Starship, SpaceX's massive prototype rocket, launched for its fourth test flight Thursday, and is now attempting to fly halfway around the globe before splashing down in the Indian Ocean.

The most powerful launch system ever built blasted off from Starbase in Boca Chica, Texas at 7:50 am (1250 GMT). More than two million people followed along on a live stream on X.

Starship is vital to both NASA's plans for returning astronauts to the Moon later this decade, and for SpaceX CEO Elon Musk's hopes of one day colonizing Mars.

Three previous attempts have ended in its fiery destruction, all part of what the company says is an acceptable cost in its rapid trial-and-error approach to development.

"The payload for these flight tests is data," SpaceX posted on X. "Building upon what we achieved during Starship's third flight test, our primary goal today is to get through the extreme heat of reentry."

The flight path is similar to the third test, which took place in March and saw Starship fly for 49 minutes before it was eventually lost as it re-entered the atmosphere.

Since then SpaceX says it has made several software and hardware upgrades -- and for the first time ever on Thursday succeeded in a soft splashdown for the Super Heavy booster in the Gulf of Mexico, to massive applause from engineers at mission control in Hawthorne in California.

Next, it hopes to achieve its first "controlled entry" for the upper stage, which will glow a fiery red as it careens into the atmosphere at around 27,000 kilometers per hour (nearly 17,000 mph).

- Twice as powerful as Saturn V -

Designed to eventually be fully reusable, Starship stands 397 feet (121 meters) tall with both stages combined -- 90 feet taller than the Statue of Liberty.

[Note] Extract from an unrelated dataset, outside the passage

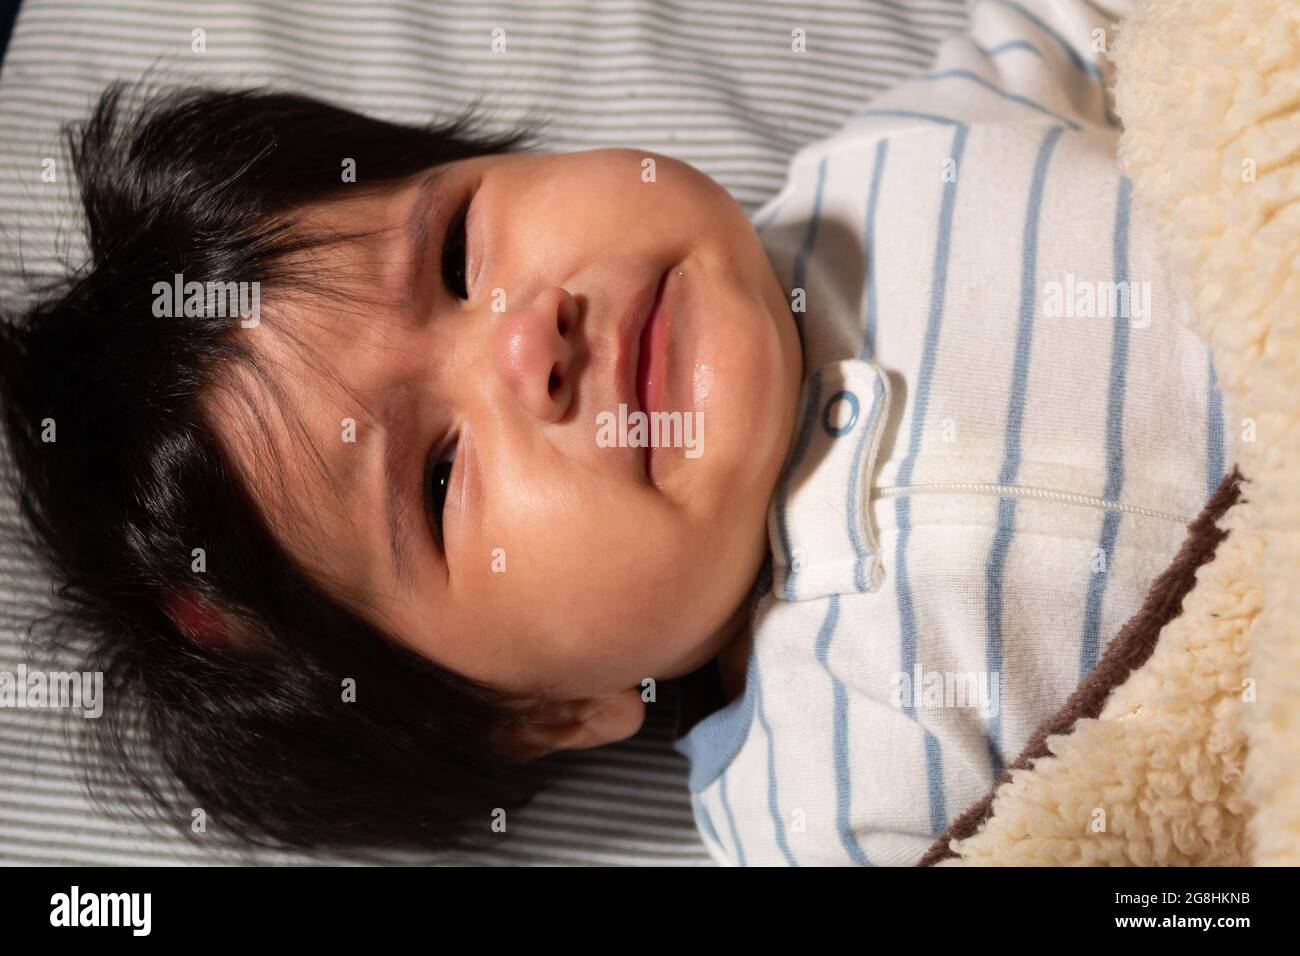 Porträt eines 5 Monate alten hispanischen Babys mit langen Haaren, die wütend und traurig aussehen Stockfoto

Its Super Heavy booster produces 16.7 million pounds (74.3 Meganewtons) of thrust, about twice as powerful as the Saturn V rockets used during the Apollo missions -- though later versions should be more powerful still.

SpaceX's strategy of carrying out tests in the real world rather than in labs has paid off in the past.

Its Falcon 9 rockets have come to be workhorses for NASA and the commercial sector, its Dragon capsule sends astronauts and cargo to the International Space Station, and its Starlink internet satellite constellation now covers dozens of countries.

But the clock is ticking for SpaceX to be ready for NASA's planned return of astronauts to the Moon in 2026, using a modified Starship as the final vehicle to take astronauts from orbit down to the surface.

To accomplish this, SpaceX will need to first place a primary Starship in orbit, then use multiple "Starship tankers" to fill it up with supercooled fuel for the onward journey -- a complex engineering feat that has never before been accomplished.

At least one SpaceX fan has grown tired of waiting. Japanese billionaire Yusaku Maezawa announced this week he has canceled a planned trip around the Moon on Starship with a crew of artists, because he has no idea when it might actually happen.